The speech (reprinted in the Journal) was a useful shock to the profession. There was grumbling from some association members, but psychiatry (along with the rest of medicine) began a steady swing toward advancing research and incorporating findings into practice. But almost at the same time, a new way of thinking about the mind arose, altering psychiatry in profound ways.
A paper on psychoanalysis presented at the 1914 annual meeting resulted in a generally critical discussion, triggering a reply from William Alanson White, M.D., superintendent of St. Elizabeths Hospital in Washington, D.C., defending the new approach. The ascension of White to APA’s presidency a decade later finally solidified psychoanalysis as psychiatry’s leading paradigm for the next half century.
The Association adopted its present name in 1921 and opened a small business office in New York, taking a first step toward professional management.
APA had fewer than 3,000 members when World War II began, and only 35 psychiatrists were serving in the regular U.S. Army. William Menninger, M.D., later APA president in 1948-49, was made a general and placed in charge of the Army’s Neuropsychiatric Consultation Division. Military concepts of diagnosis and treatment were almost entirely based on psychoanalytic theory. In the course of the war, 2,400 physicians served in “neuropsychiatric capacities,” including 992 given three months of training in psychiatry.
The war was still raging when APA marked its 100th anniversary in 1944 and began an extended discussion about its future and whether to establish a permanent headquarters.
The argument was as much about the nature of APA as about office space. Traditionalists preferred maintaining a largely volunteer, member-run organization, concentrating on the clinical care of patients. The new wave wanted a formal structure with a medical director and a full-time, professional staff, that added advocacy to clinical interests.
The latter won the day at the 1947 Annual Meeting. Daniel Blain, M.D., chief of psychiatry at the Veterans Administration, was named medical director and opened APA’s new office in Washington, D.C., in April 1948 on I Street, N.W. APA acquired a property known as the Parson Mansion on 18th Street, N.W., in the Dupont Circle neighborhood and moved in after renovation in 1954. It also constructed an adjacent structure, known as the Museum Building, to house staff and APA’s library.
Membership grew rapidly in the postwar years, from 5,856 in 1950 to 11,037 in 1960, to 18,407 in 1970, to 25,345 in 1980. Membership today stands at 37,800.
As the organization grew, APA purchased land at 14th and K streets, N.W., and moved into a new building there in 1982. Twenty years later, APA moved to Arlington, Va., after considering the costs of updating the current headquarters or moving into a new space designed to APA’s specifications.

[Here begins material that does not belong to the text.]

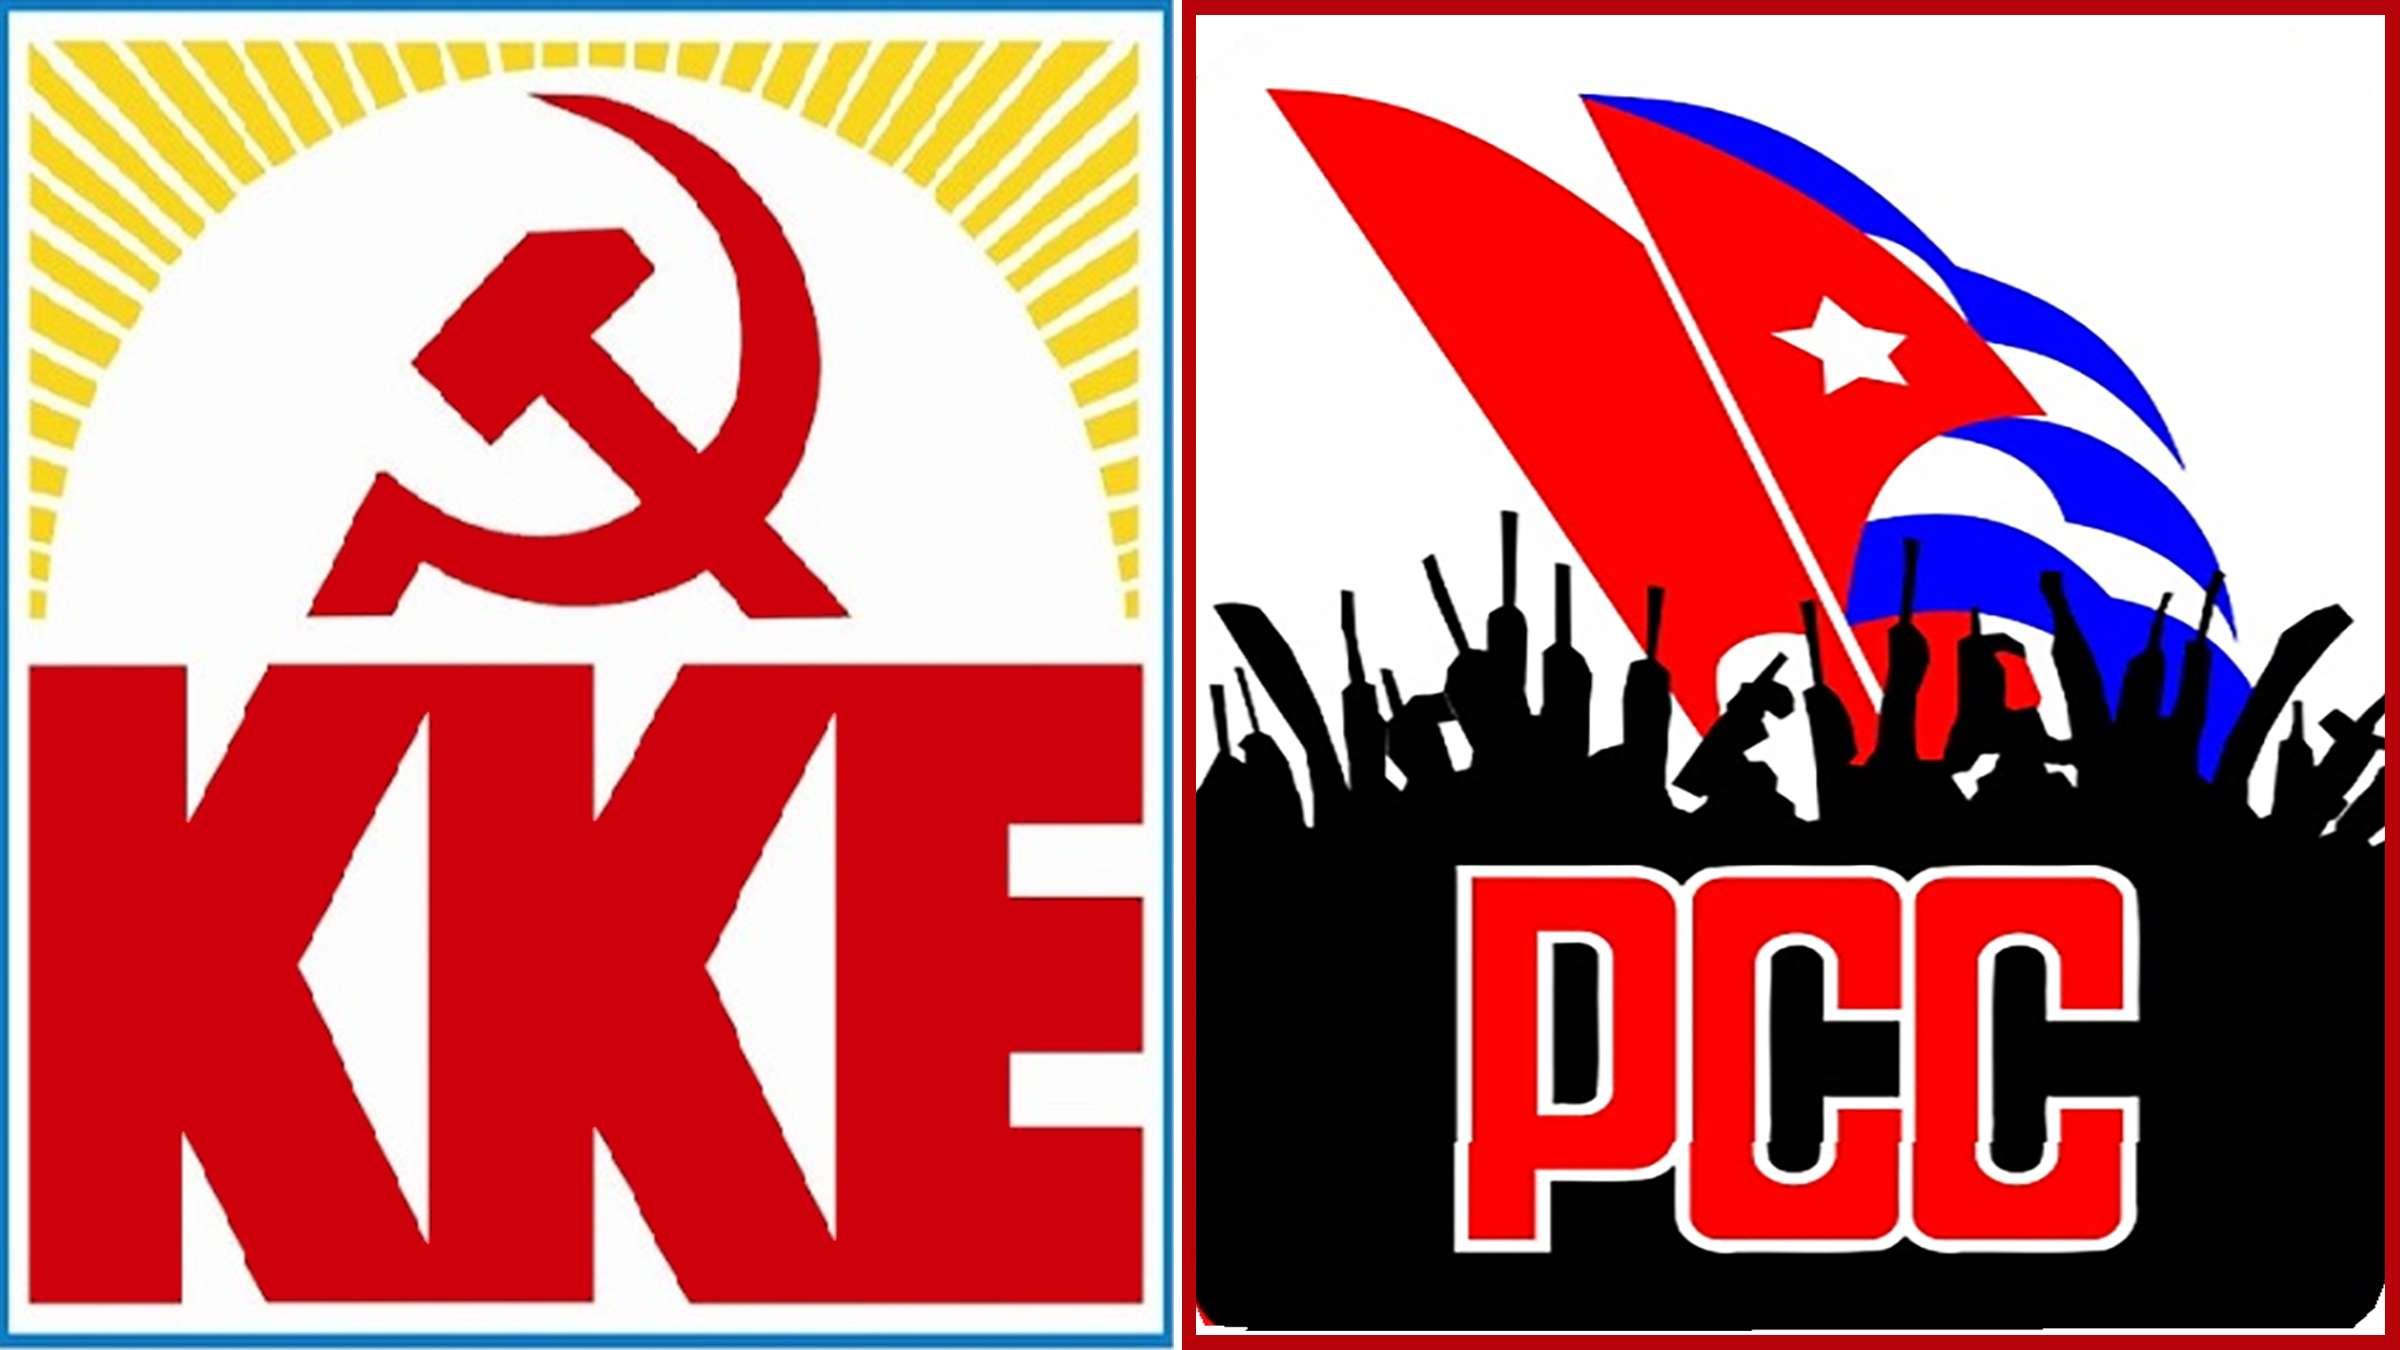 KKE PCC

When the lease there expired in 2017, APA’s Trustees decided the time was right to move APA’s headquarters back to D.C., near the nation’s Capitol in a new neighborhood called The Wharf.

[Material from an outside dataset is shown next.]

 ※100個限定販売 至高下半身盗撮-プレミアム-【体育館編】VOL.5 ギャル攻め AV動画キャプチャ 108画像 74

Over the last 75 years, APA has addressed issues both inside and outside the organization that reflect a changing society. A growing diversity of the membership has led to greater inclusion of women and minorities in leadership positions in the organization. Carol Nadelson, M.D., became APA’s first woman president in 1985-86, and APA’s current president, Altha Stewart, M.D., is the first African American to hold that position. Other presidential firsts: Lawrence Hartmann, M.D. (gay); Rodrigo Muñoz, M.D. (Hispanic); Dilip Jeste, M.D. (Asian); and Maria A. Oquendo, M.D., Ph.D. (Latina).

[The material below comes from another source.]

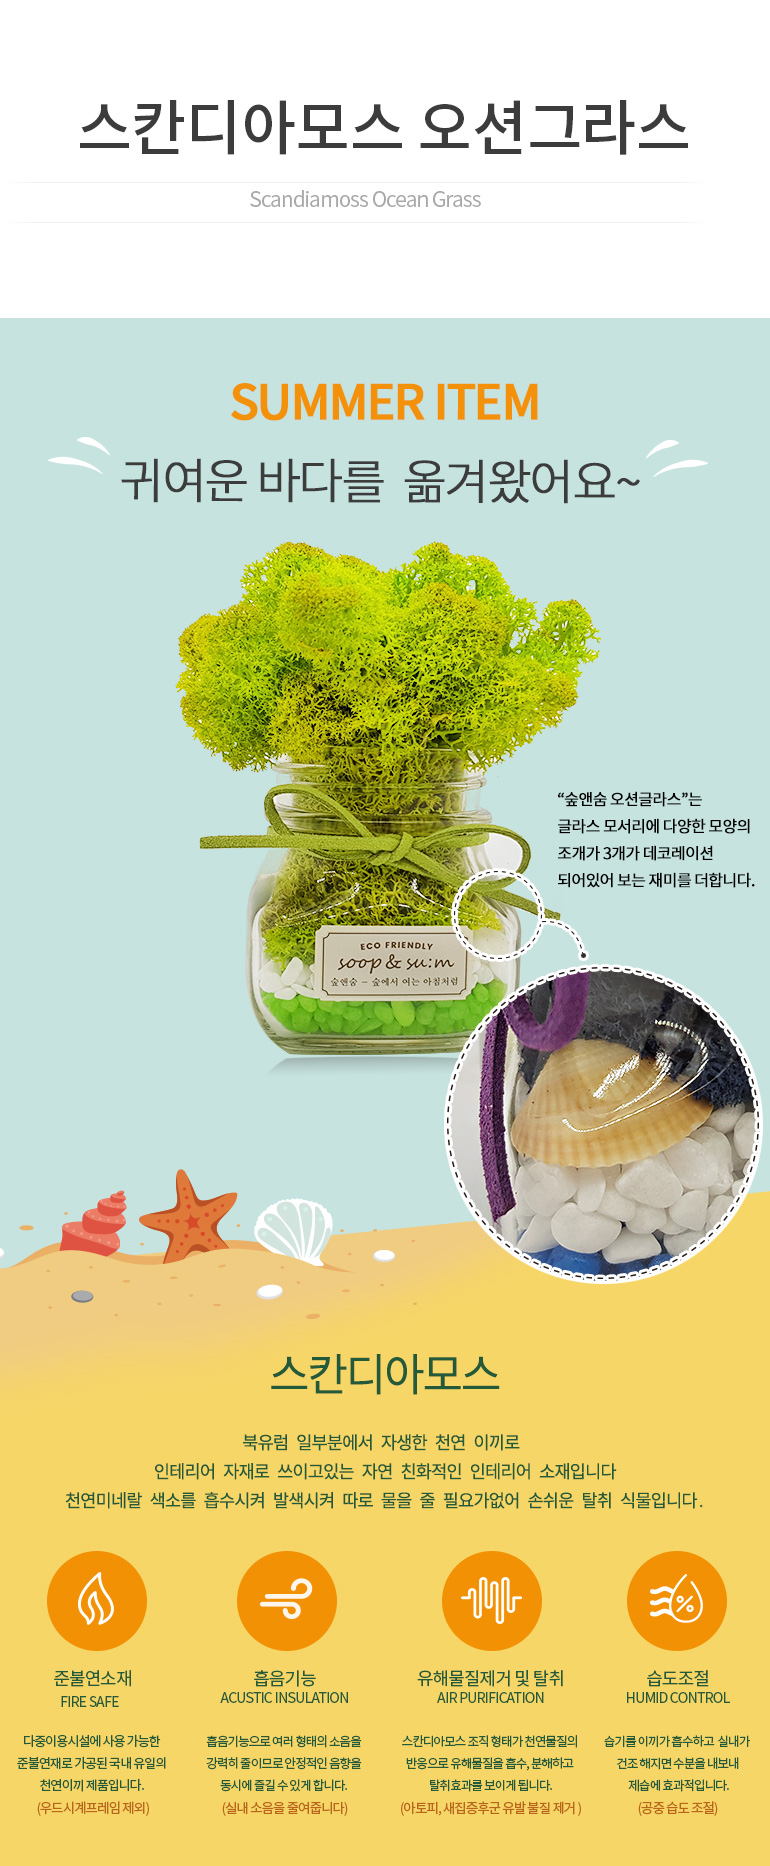 숲앤숨 스칸디아모스 오션그라스 - 숲앤숨, 18,810원, 허브/다육/선인장, 공기정화식물

APA has also advocated on Capitol Hill for public policies to advance mental health parity in insurance coverage and to expand health insurance generally under the Affordable Care Act and the 21st Century Cures Act and other legislation. In the courts, APA has successfully worked with others to develop better protections for people with mental illness in the criminal justice system. ■
Many of the topics touched on in this article will be the subject of full-length articles over the course of the coming year.